__Problem__: A verbatim copy of the data is wanted, minus any picture in it.

__Source material__:
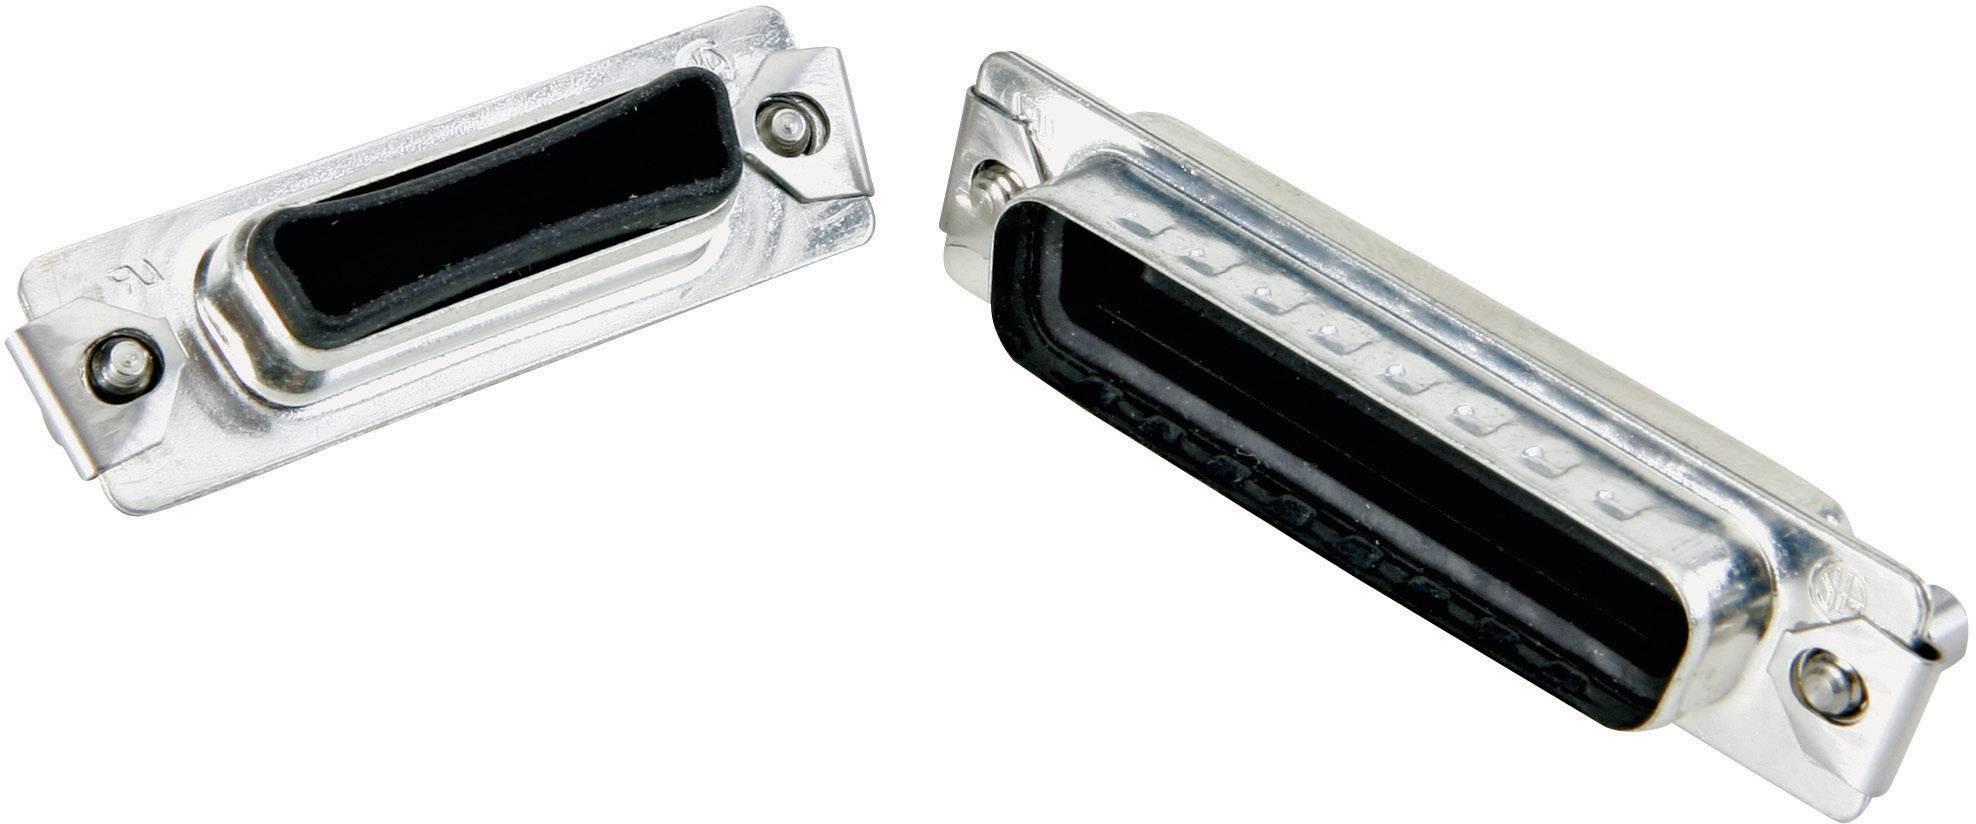 D-SUB krytka IP67 pro D-SUB zásuvka 25pólová Conec 165X14739X, 165X14739X, stříbrná, 1 ks
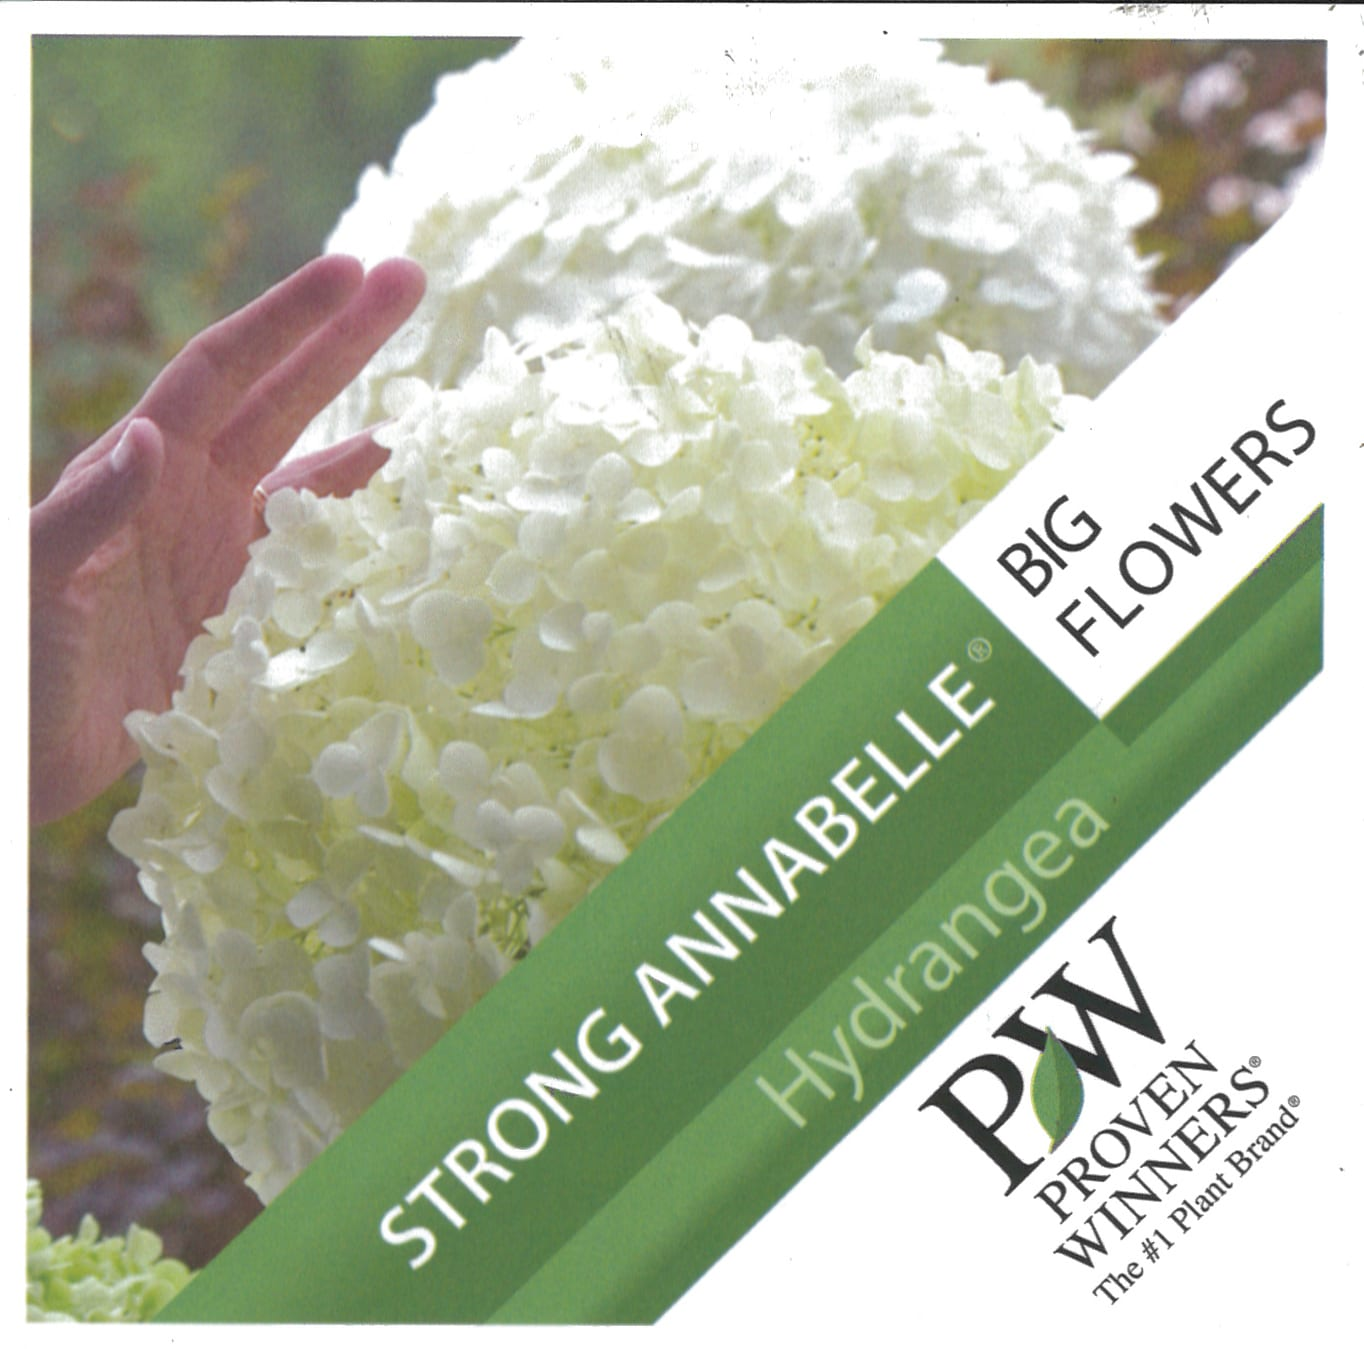 Hydrangea Proven Winners 'Strong Annabelle' etiket voorzijde | Plants By Nature - gespecialiseerd in hydrangea
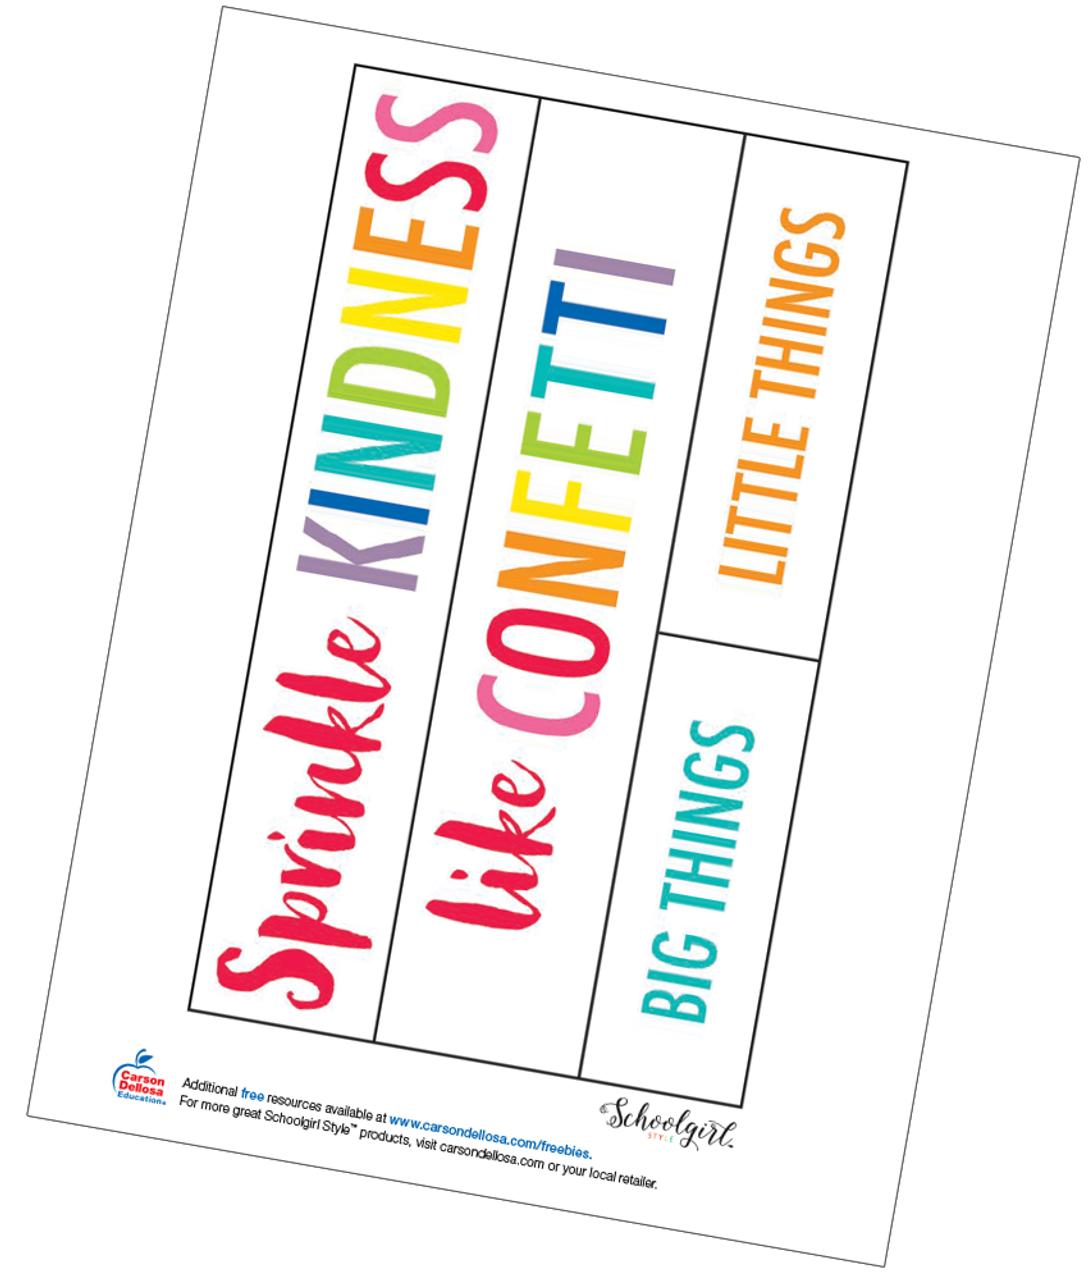 photo regarding Printable Anchor known as Schoolgirl Design: Anchor Chart Absolutely free Printable - Carson

__Your solution__:
 D-SUB krytka IP67 pro D-SUB zásuvka 25pólová Conec 165X14739X, 165X14739X, stříbrná, 1 ks
 Hydrangea Proven Winners 'Strong Annabelle' etiket voorzijde | Plants By Nature - gespecialiseerd in hydrangea
 photo regarding Printable Anchor known as Schoolgirl Design: Anchor Chart Absolutely free Printable - Carson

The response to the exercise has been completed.